HSBC India clocks 1.8% rise in pre-tax profit to $1.02 bn

At a global level, HSBC’s profit before tax fell 34% to $8.8 bn, which it attributed to higher expected credit losses

Global banking corporation HSBC’s India operations reported a profit before tax of $1.02 billion in 2020, up 1.8% from the previous year. India was the bank’s third-largest contributor to the profit of HSBC Holdings Plc, after Hong Kong at $8.2 billion and Mainland China at $2.61 billion in 2019-20.

In 2019, HSBC’s India operations made a pre-tax profit of $1 billion. However, at a global level, HSBC’s profit before tax was down 34% to $8.8 billion, which the bank attributed to higher expected credit losses and other credit impairment charges, and lower revenue, partly offset by a fall in operating expenses. Profit after tax was down 30% to $6.1 billion.

The bank said the reported results in 2020 included a $1.3 billion impairment of software intangibles, while reported results in 2019 included a $7.3 billion impairment of goodwill.

As on 31 December 2020, HSBC had 226,000 employees compared with 235,000 at the end of 2019. In India, it had 39,000 employees in the same period.

“In 2020, our people delivered an exceptional level of support for our customers in tough circumstances, while our balance sheet and liquidity gave reassurance to those who rely on us.
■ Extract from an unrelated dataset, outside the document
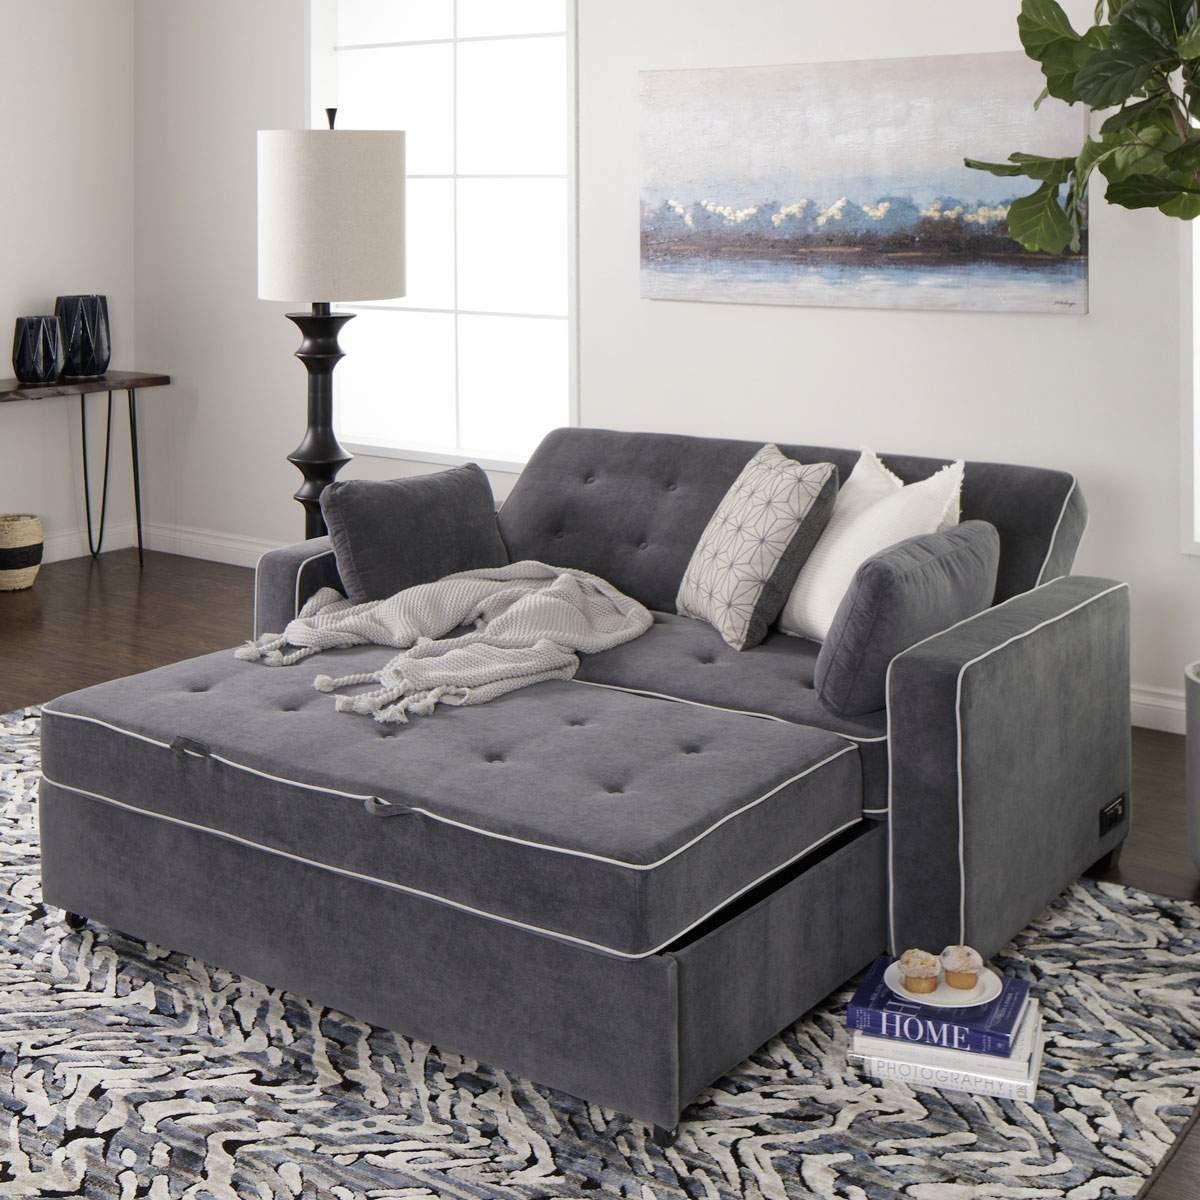 Carlton   Queen size sleeper sofa, Pull out sleeper sofa ...

We achieved this while delivering a solid financial performance in the context of the pandemic, particularly in Asia, and laying firm foundations for our future growth," said Noel Quinn, group chief executive, HSBC Holdings Plc.

The bank recognizes a number of fundamental changes, including the prospect of prolonged low interest rates, the significant increase in digital engagement from customers, and the enhanced focus on the environment, and has aligned its strategy accordingly, it said.

HSBC intends to increase its focus on areas where it is strongest, increase and accelerate investments, and continue to progress with the transformation of its underperforming businesses, it said.

“The pandemic inevitably affected our performance. The shutdown of much of the global economy caused a large rise in expected credit losses, and cuts in central bank interest rates reduced revenue in rate-sensitive business lines," Quinn said.

The bank’s global net interest margin (NIM) was 1.32% in 2020, down 26 basis points (bps) from 2019, because of the impact of lower global interest rates.